Work instruction - The whole listing below needs to be duplicated exactly, pictures aside.

Material provided -

☆ ☆ ☆ ☆ ☆ ☆ ☆

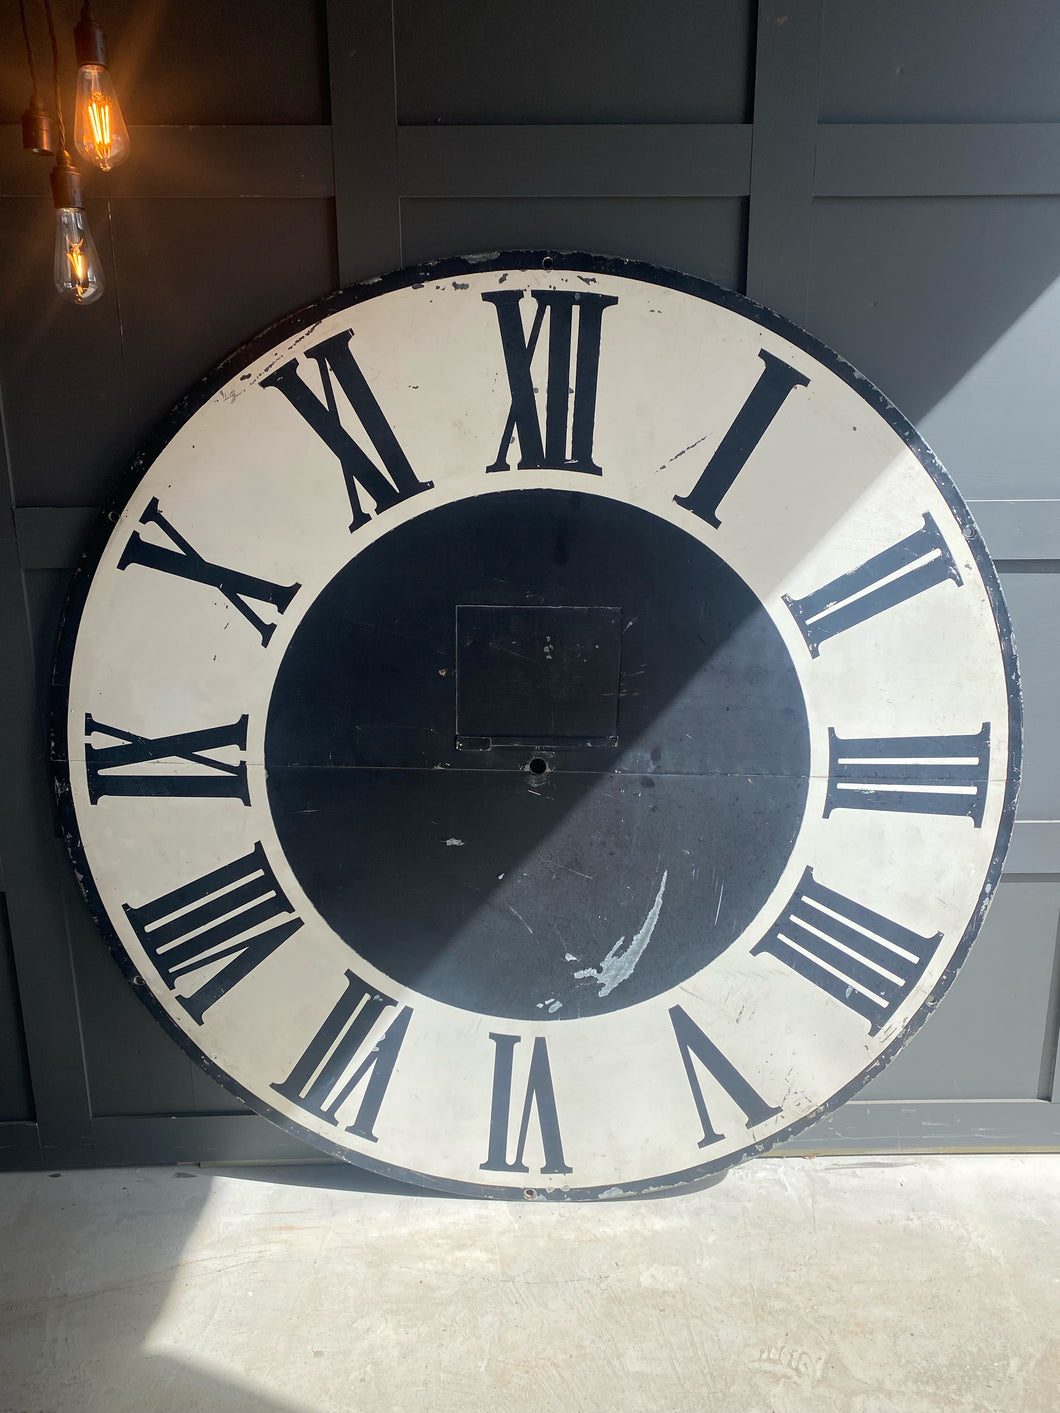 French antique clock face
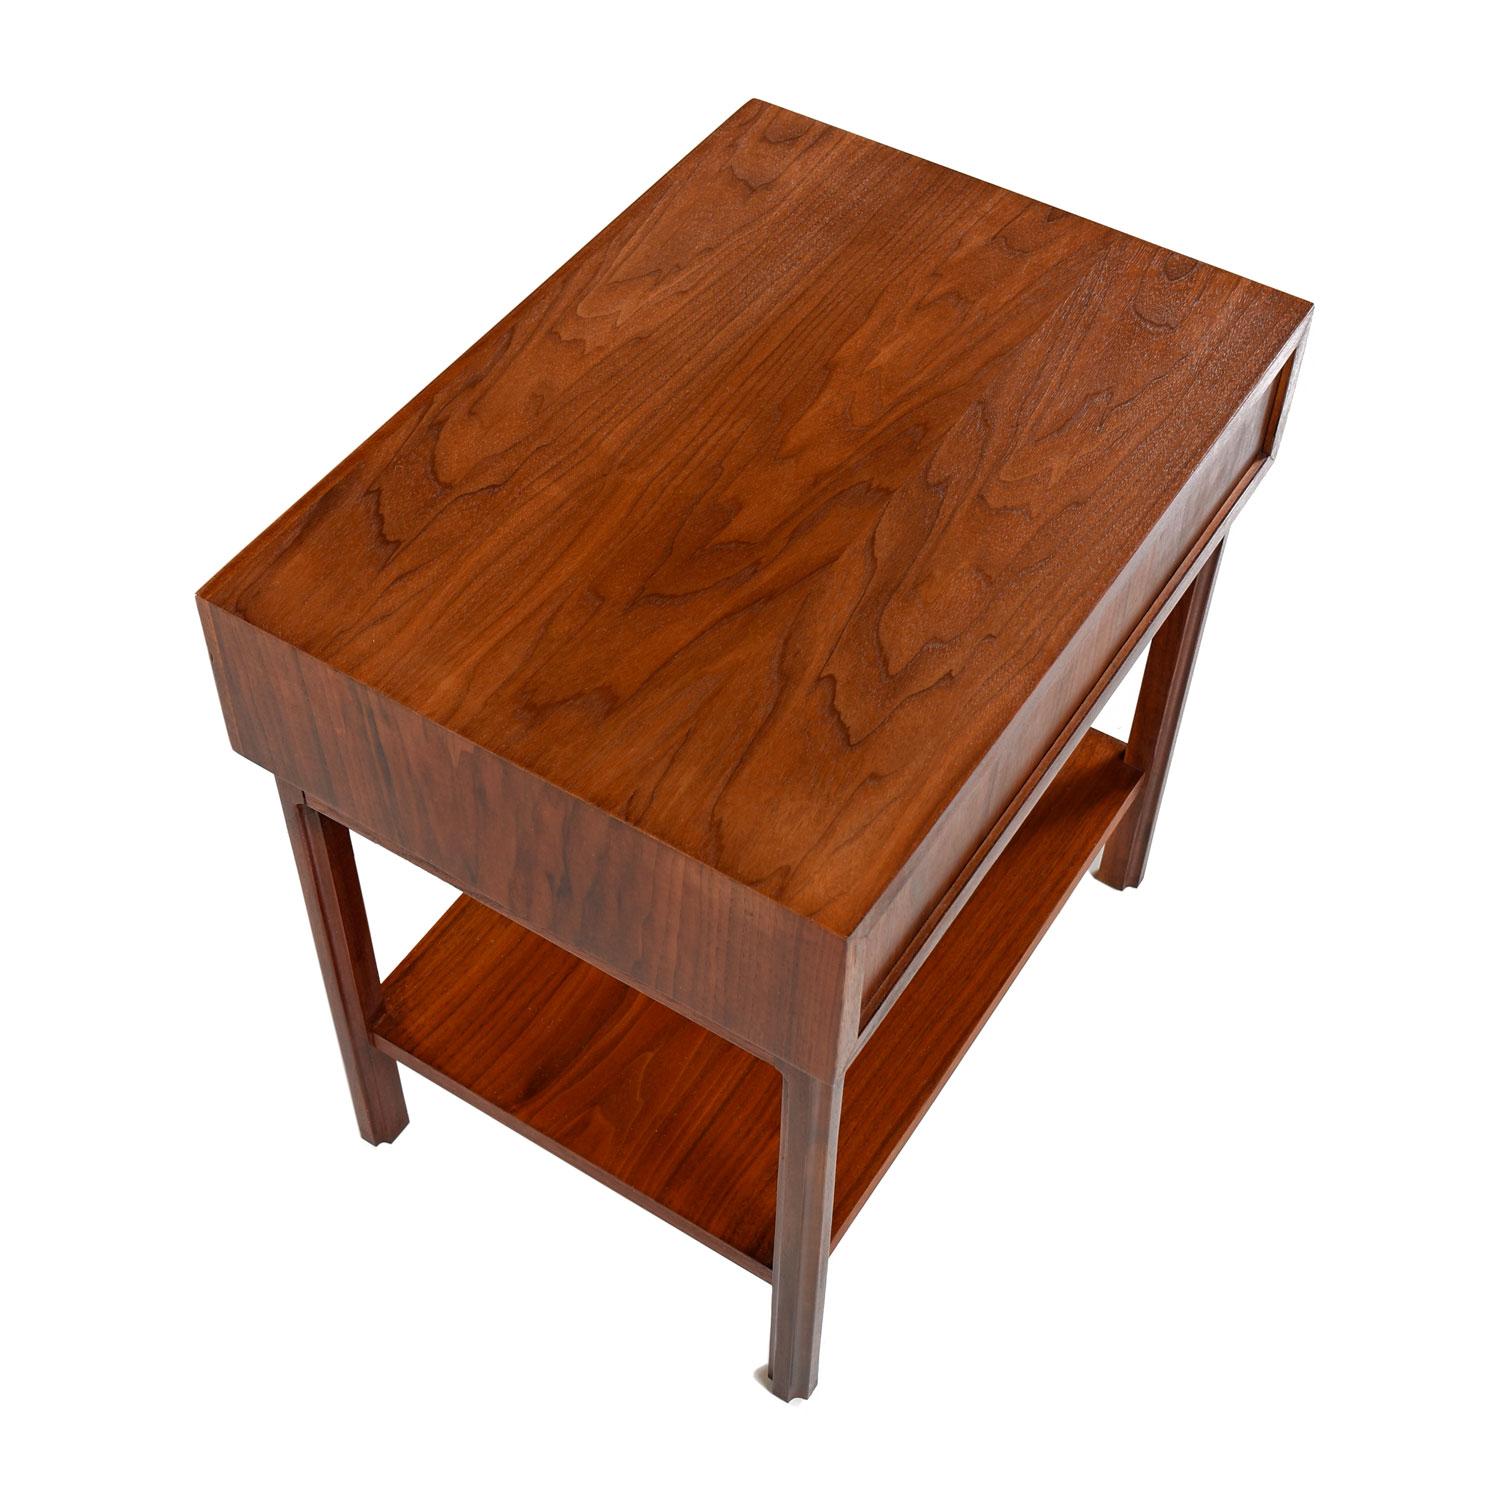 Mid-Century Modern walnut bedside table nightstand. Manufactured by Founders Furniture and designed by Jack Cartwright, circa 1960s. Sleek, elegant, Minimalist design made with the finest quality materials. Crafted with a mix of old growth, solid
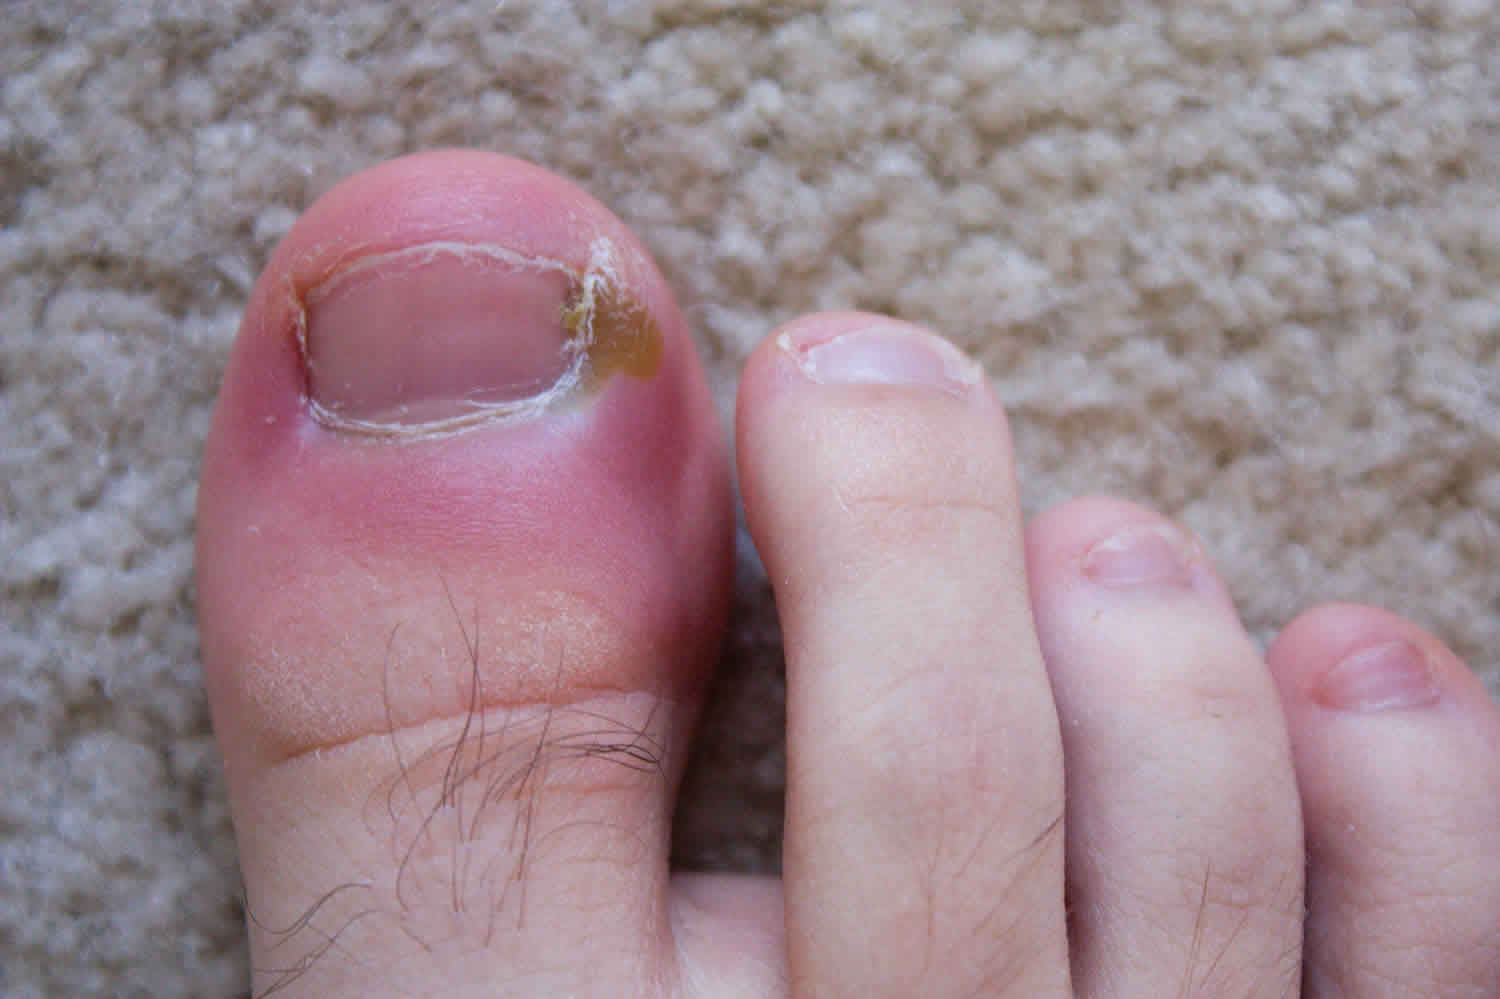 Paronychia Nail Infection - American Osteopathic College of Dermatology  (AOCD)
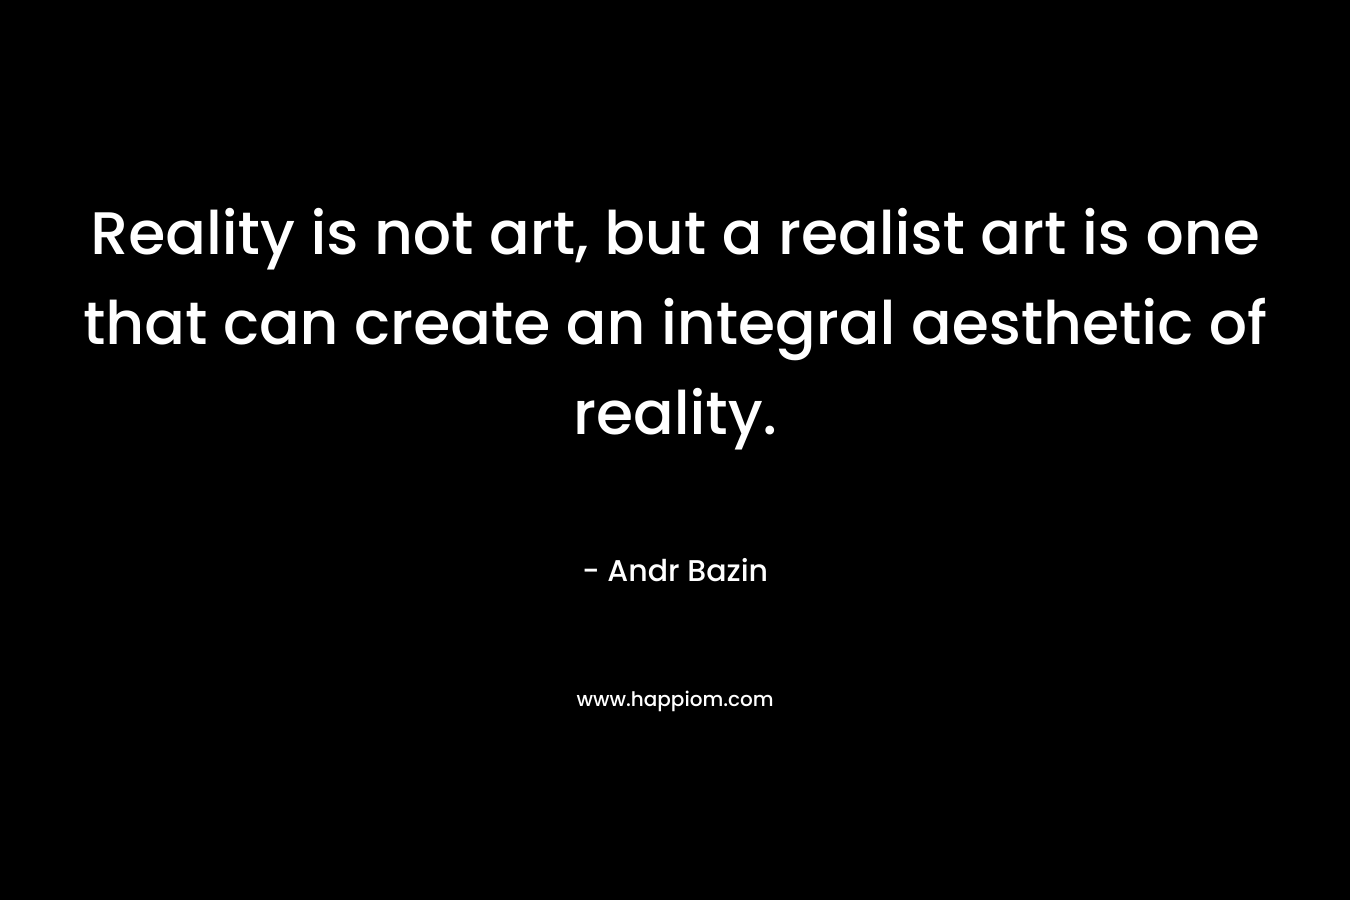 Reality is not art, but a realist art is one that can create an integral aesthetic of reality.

☆ ☆ ☆ ☆ ☆ ☆ ☆

Response -
 French antique clock face
 Mid-Century Modern walnut bedside table nightstand. Manufactured by Founders Furniture and designed by Jack Cartwright, circa 1960s. Sleek, elegant, Minimalist design made with the finest quality materials. Crafted with a mix of old growth, solid
 Paronychia Nail Infection - American Osteopathic College of Dermatology  (AOCD)
 Reality is not art, but a realist art is one that can create an integral aesthetic of reality.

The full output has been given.